Step-by-step guide:
How to set up a publicPublic Limited Company company in Switzerland

Forming a PublicPublic Limited Company Company in Switzerland offers many advantages, especially for growing companies or those with multiple investors. Here is a detailed step-by-step guide to setting up a Public Limited Company Company.

Business idea and planning

As with any business start-up, you should start with a clear business plan to start with. The plan should contain all the essential information about your business idea, business model, market analysis, financing and growth strategy. A solid business plan is often crucial for convincing investors or banks.

Choose company name

The company name must be unique and contain the addition "Public Limited Company". Check the availability of the name on the website of the Federal Office for the Commercial Register (ZEFIX). The name should be clear and not misleading, and it must not already be in use by another company.

Provide minimum capital

The formation of a Public Limited Company requires a minimum capital of CHF 100,000 is required, of which at least CHF 50,000 must be paid in at the time of formation. This capital can be paid in cash or as a contribution in kind. It is paid into a capital contribution account, which is later converted into a regular business account.

Create articles of association

The Articles of Association are the "constitution" of your Public Limited Company and must include the following points:

  • Company name and registered office
  • Purpose of the Public Limited Company
  • Amount of share capital
  • Number, nominal value and type of shares
  • Rights and obligations of shareholders
  • Regulations on management and representation

These articles of association are approved by the founding meeting and should be checked in advance by a notary or lawyer to ensure that they are legally compliant.

Determine shareholders and shares

A Public Limited Company can be founded by one or more shareholders. The shareholders are the holders of the company's shares, and these shares can be issued as bearer or registered shares. Each share has a fixed par value and the rights of the shareholders depend on the number and type of shares held.

Determine organs

The bodies of the Public Limited Company must be defined: the board of directorswhich is responsible for the management, and optionally an auditors. Authorized signatories must also be determined.

Hold inaugural meeting

The formation of your Public Limited Company requires a formal formation meeting at which the articles of association are approved, the management is elected and the formation resolution is passed. The minutes of this meeting are an important document that is required for entry in the commercial register.

Capital confirmation and account opening

As soon as the share capital has been paid into the capital contribution account , the bank issues a capital confirmation issued. This is a crucial document for entry in the commercial register. Once the formation is complete, the capital contribution account is converted into a business account to which all operational transactions are made.

Declaration of acceptance by the auditors

If you require an auditor, you must submit a declaration of acceptance from that body confirming that it is willing to carry out the audit of the Public Limited Company .

Issue share certificates and open share register

After incorporation share certificates issued to the shareholders and a share register must be kept. This book records the shareholders and their shareholdings in the company.

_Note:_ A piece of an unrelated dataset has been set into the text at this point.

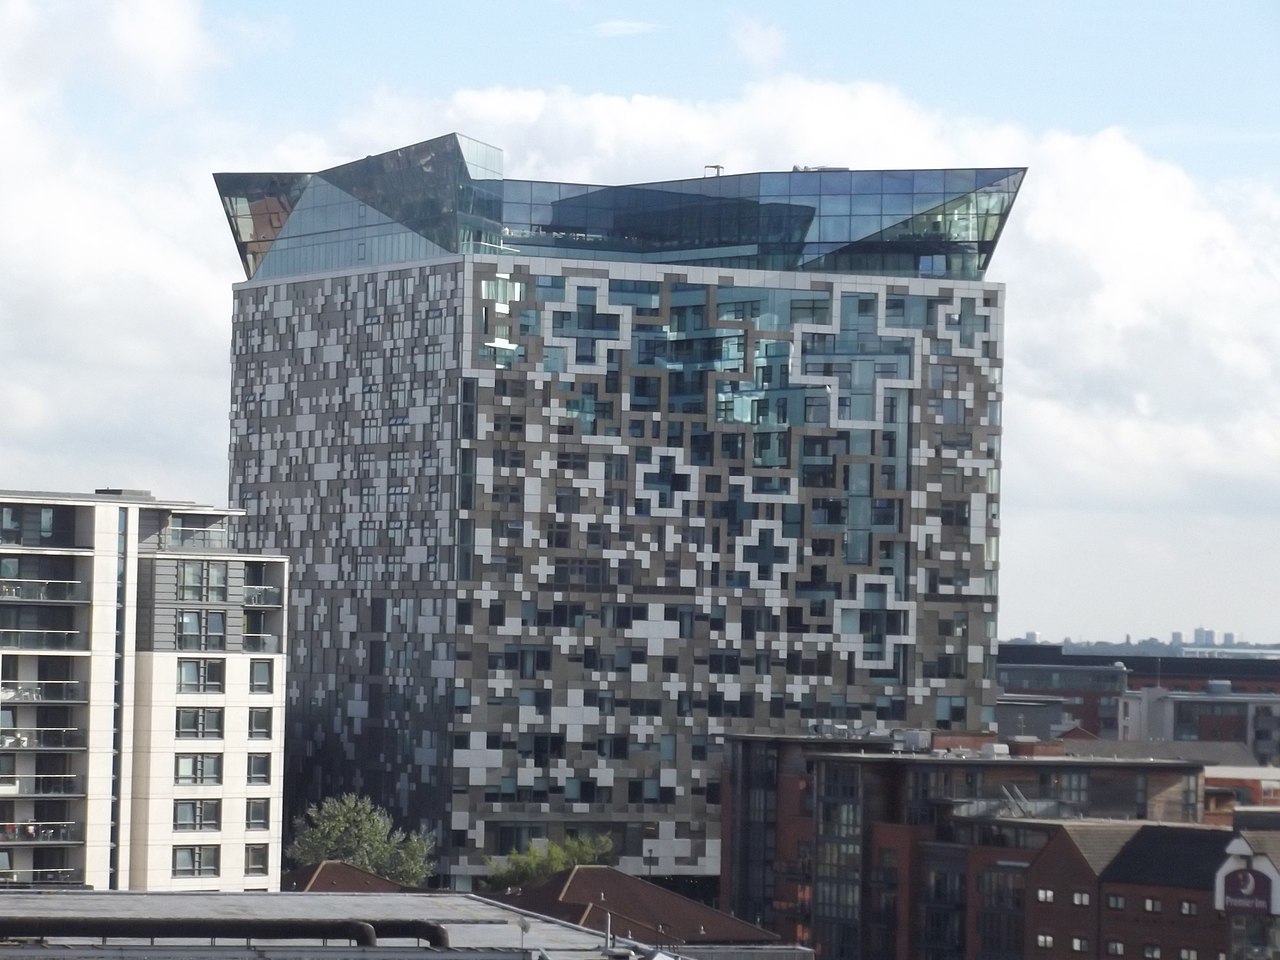 The Cube in Birmingham, SRA headquarters

Make an entry in the commercial register

Now follows the formal entry of your Public Limited Company in the commercial register. This is done by a notary who submits all the necessary documents, including the articles of association, the minutes of the inaugural meeting and the capital confirmation. Depending on the canton, the entry costs around CHF 800 to CHF 2,000. As soon as the entry has been made, the Public Limited Company acquires its legal personality.

Value added tax (VAT) registration

As soon as your company generates an annual turnover of more than CHF 100,000, you must register for VAT with the Federal Tax Office (FTA) is required. However, you can also register voluntarily in order to deduct input tax, which can be an advantage depending on your business activity.

Insurance and social security (for employment of employees)

If you employ staff, you must register with the AHV compensation fund to pay contributions to the old-age and survivors' insurance (AHV). In addition, the compulsory accident insurance (UVG) which covers occupational and non-occupational accidents suffered by your employees. You must also take out BVG (occupational benefits insurance) for your employees. If you as a shareholder or managing director do not receive a salary and do not employ any staff, these insurances are not required.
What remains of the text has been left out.